Watch: Bradford Cox Shocks Audience in Minneapolis, Covers "My Sharona" for an Hour

Wears ski mask, tells audience to remove clothes and pick up chairs, dedicates show to "the death of folk and the birth of punk"

Watch: Bradford Cox Shocks Audience in Minneapolis, Covers

Deerhunter and Atlas Sound mastermind Bradford Cox has never been one to restrain his feelings. "I need punk rock," he told Pitchfork last year. "I am not an indie rock musician. I don't even know what the fuck that means."

That attitude was on full display Friday night, during an Atlas Sound show at the Cedar Cultural Center in Minneapolis. In a report for City Pages, writer Sally Hedberg noted that "things felt a little awkward" from the beginning, when Cox took the stage with his face "concealed by a menacing, black ski mask."

After performing selections from 2011's Parallax and a cover of Beat Happening's "Youth", Cox then, apparently, went totally and blissfully insane, while heeding an audience member's request for the Knack's 1979 power pop single "My Sharona". He presented a cryptic and noisy rendition that, according to Minnesota Daily, lasted for a full hour. "I am a performance artist," Cox said. "I must play what you want to hear."

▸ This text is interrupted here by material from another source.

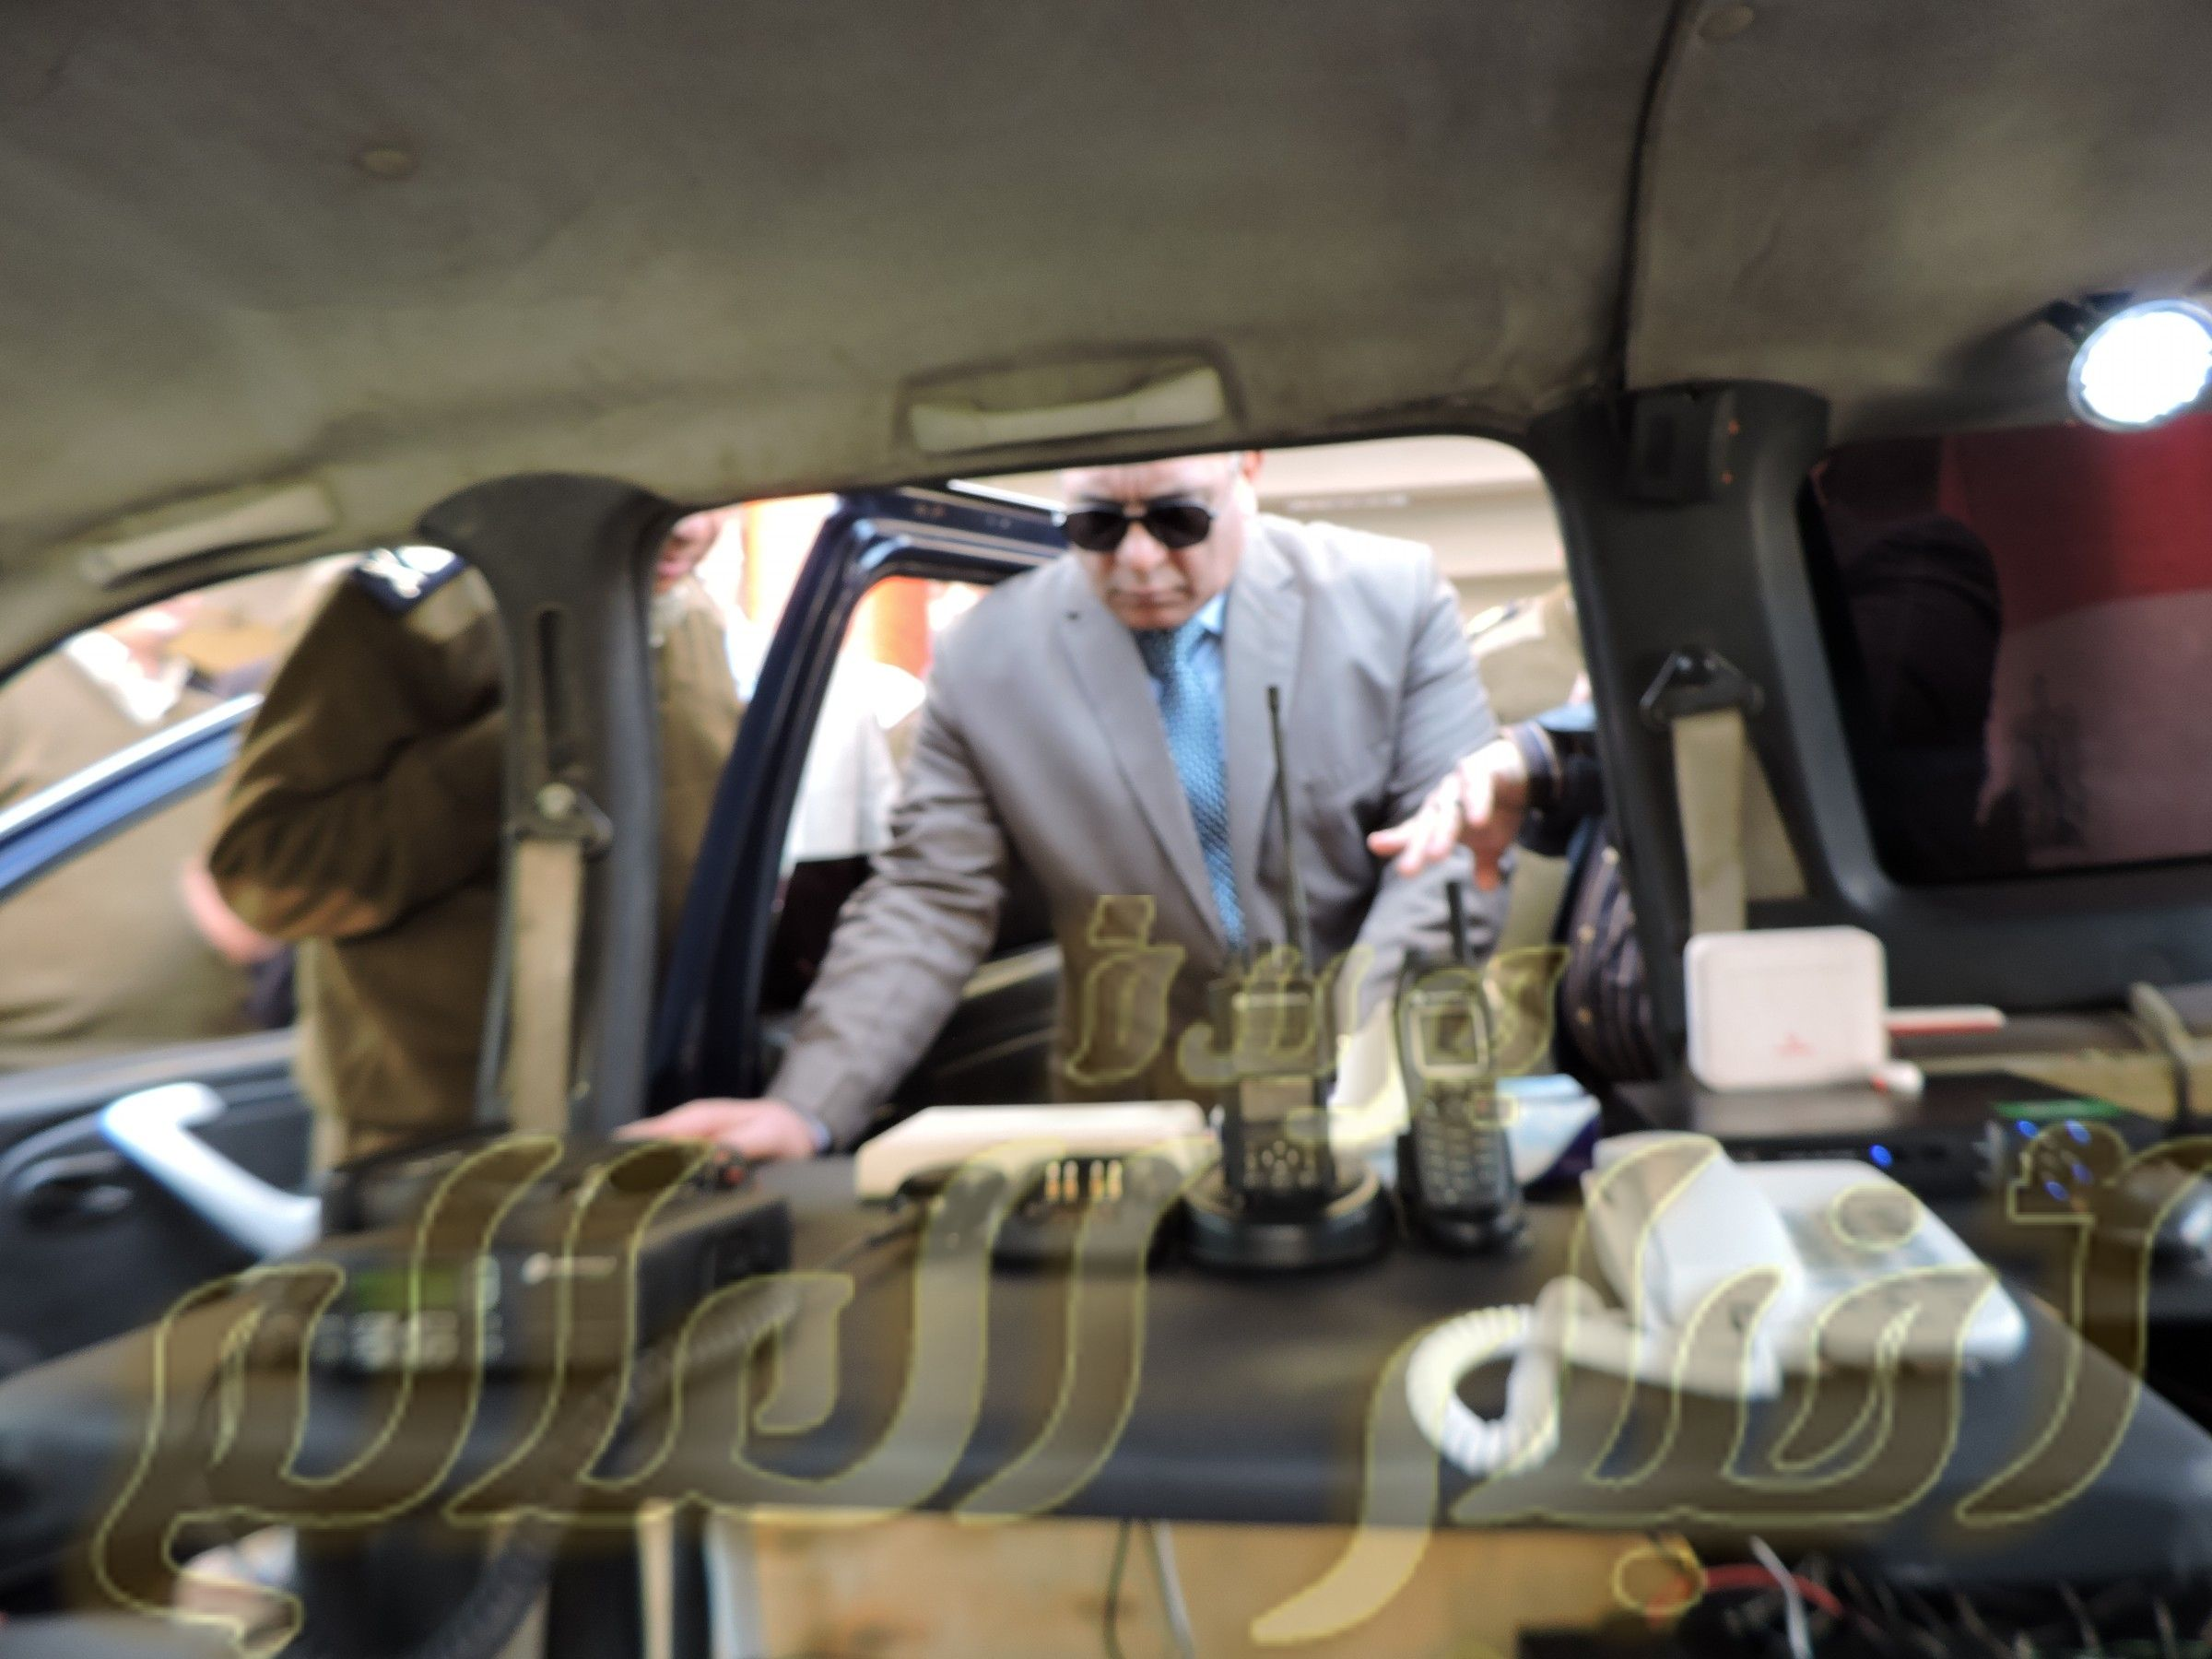 ضبط سائق حاول سرقة أسياخ حديد من كوبري التوفيقية Duffle Bag Bags Duffle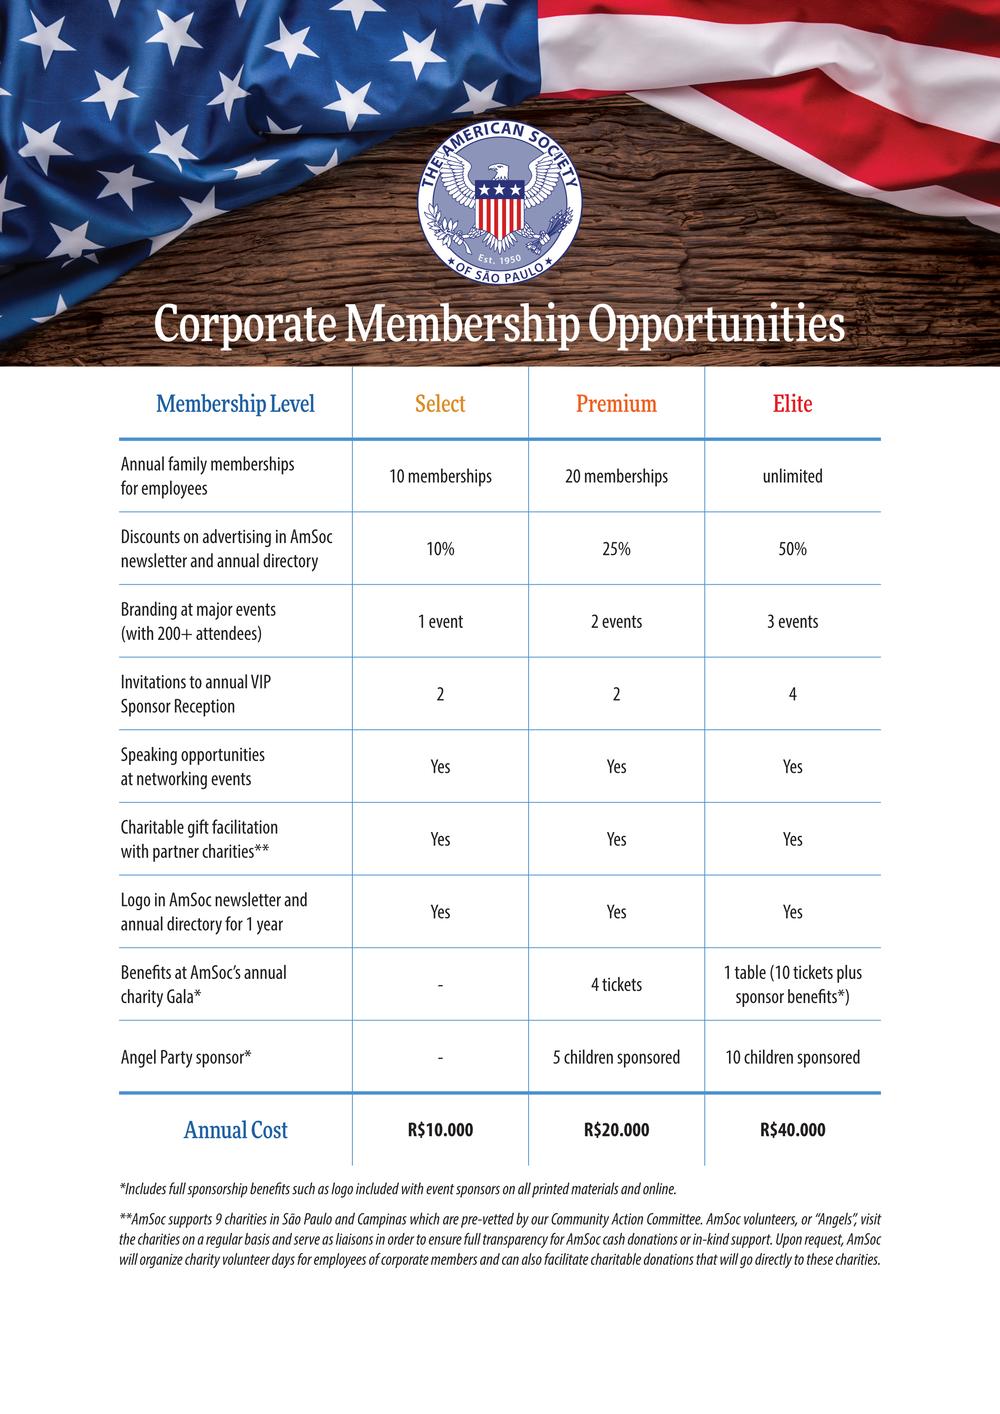 Corporate Membership whitepaper_1 (1).png

"It morphed into something bizarre," City Pages wrote, noting that he was joined by the night's openers, Frankie Broyles and Carnivores, for "an unending cover that rivaled the length of a Phish concert." He ordered the man who asked for the song to take the stage and strip down to his underwear, and repeatedly stated that "this is what happens when you make requests."

MN Daily wrote:

Above all the noise and feedback, he contemplated the death of folk music, the passing of time, and the ends of our lives in a frantic, spoken-word beat-poetry style that he himself compared to Patti Smith.

Meanwhile, the report from City Pages continues:

[The openers] were visibly uncomfortable and beginning to question the sanity of their esteemed proctor, unwillingly locked in some twisted, Doomsday clock performance of a 70s hit. Yet, 'My Sharona' endured still, as did Cox's increasingly awkward interactions with the audience. He asked people to take their clothes off. He shouted seemingly intoxicated defenses about his art. He simulated fellatio. He, to the horror of the Cedar employees, told everyone to pick up their chairs and shake them above their heads... it was unsettling and some people began filtering out of the venue. Eventually, after inviting the audience onstage (which visibly gave the Cedar staff an anxiety attack) he seemed to get the picture that the show was over and bid his adieu, dedicating the show to "the death of folk music and the birth of punk."

The moral of the story is: Hecklers, be careful what you wish for.